EDITORIAL/ Electing a Speaker, not a saint
IT’S, as the thriller paperback authors would put it, a cliff-hanger.
Tonight — or tomorrow – we’d know if our very own, Speaker Joe de Venecia, the master of compromises and coalitions, has not lost his magic touch on his rowdy group of Housemen.
We have no doubt he’’ll get his fifth term as Speaker of the House. All those reports about his tottering campaign for the post and shifting of loyalties against him will all prove to be just empty talk when this is all over.

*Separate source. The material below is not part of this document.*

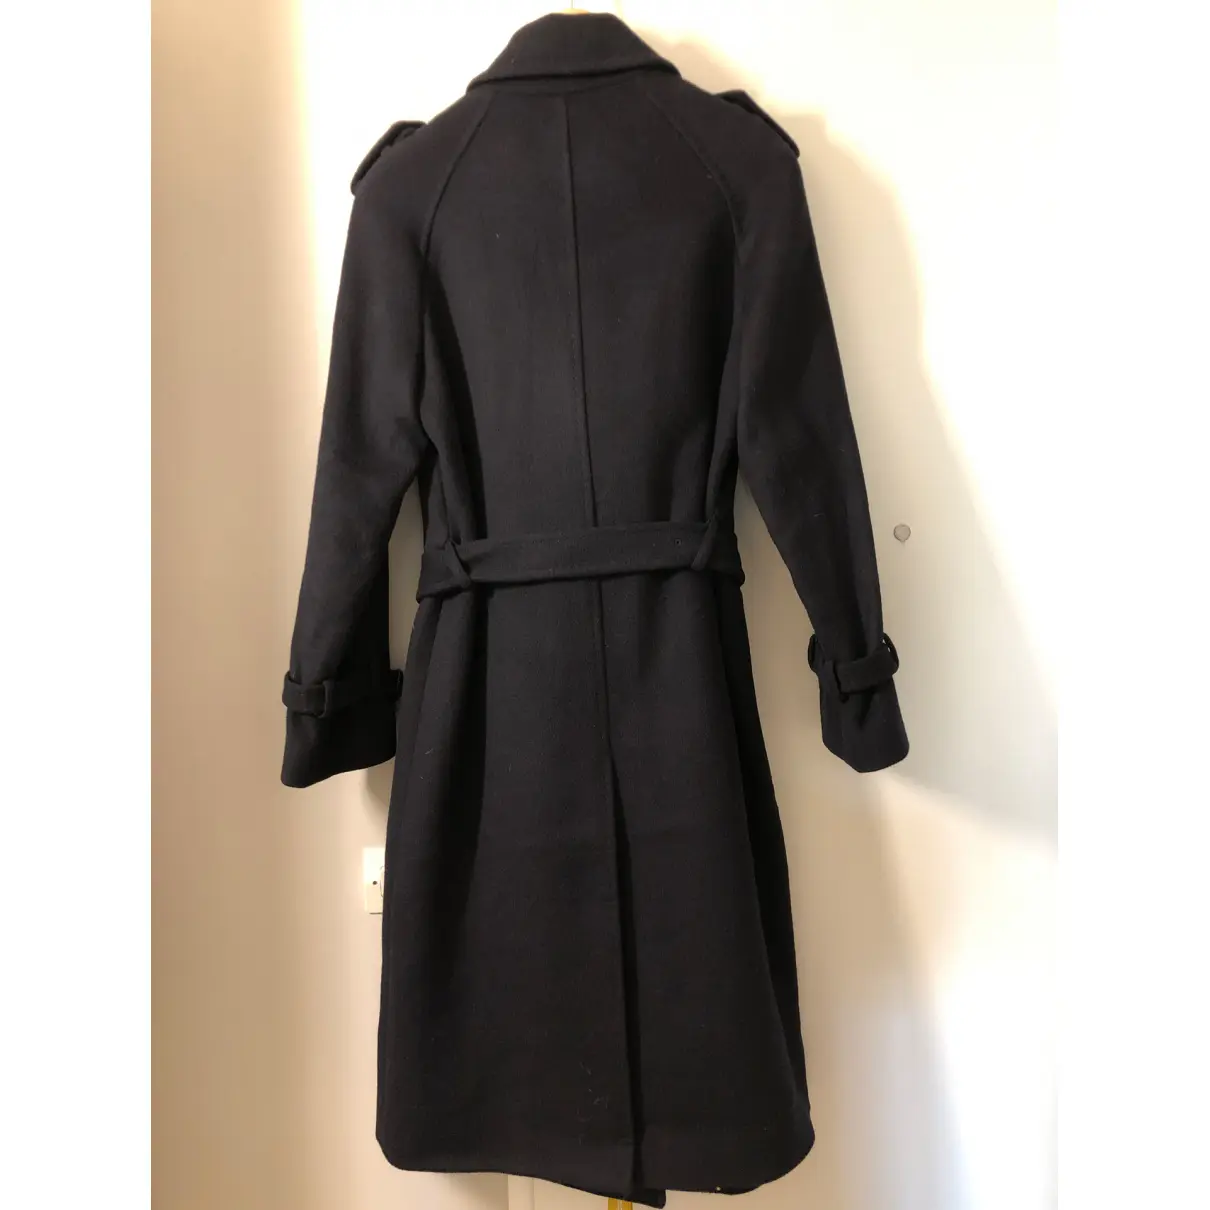 Buy Georges Rech Wool coat online

They can never produce another Joe de V in that chamber, to be frank about it; that’s the long and short of it. That line about him having brought the House to its deepest muck and thus, as his rivals are quick to (but half-wittedly) point out, needs to be replaced is as much an indictment of the leadership as it is an indictment of the members. Takes two to tango. You point a finger, two of your other fingers point at you.
The fact is, House of Representatives by its very nature, is a place for horse-trading. It is not heaven on earth; it is not a piece of Mt. Olympus. Men, not gods, rule it and inhabit it. Men you and us elected. Ordinary men who walk among us one moment and whom we place in a pedestal the next in a process called “democratic election.”
They err, they deal, they wheel in the course of putting together legislation. But what similar chamber in countries all over the world does not? If they kept to their saintly halos or their pious homilies, they’d be comprising a Vatican, not a Legislature.
Until we come to the next century era where robots come to rule us in a futuristic scenario (Transformers, the Movie?) and come close to an incorruptible corps of public servants, we cannot but live with Congress and all its imperfections – both programs and individuals.
Whether we agree or not – we are them. In more ways than one. So what’s all the fuss?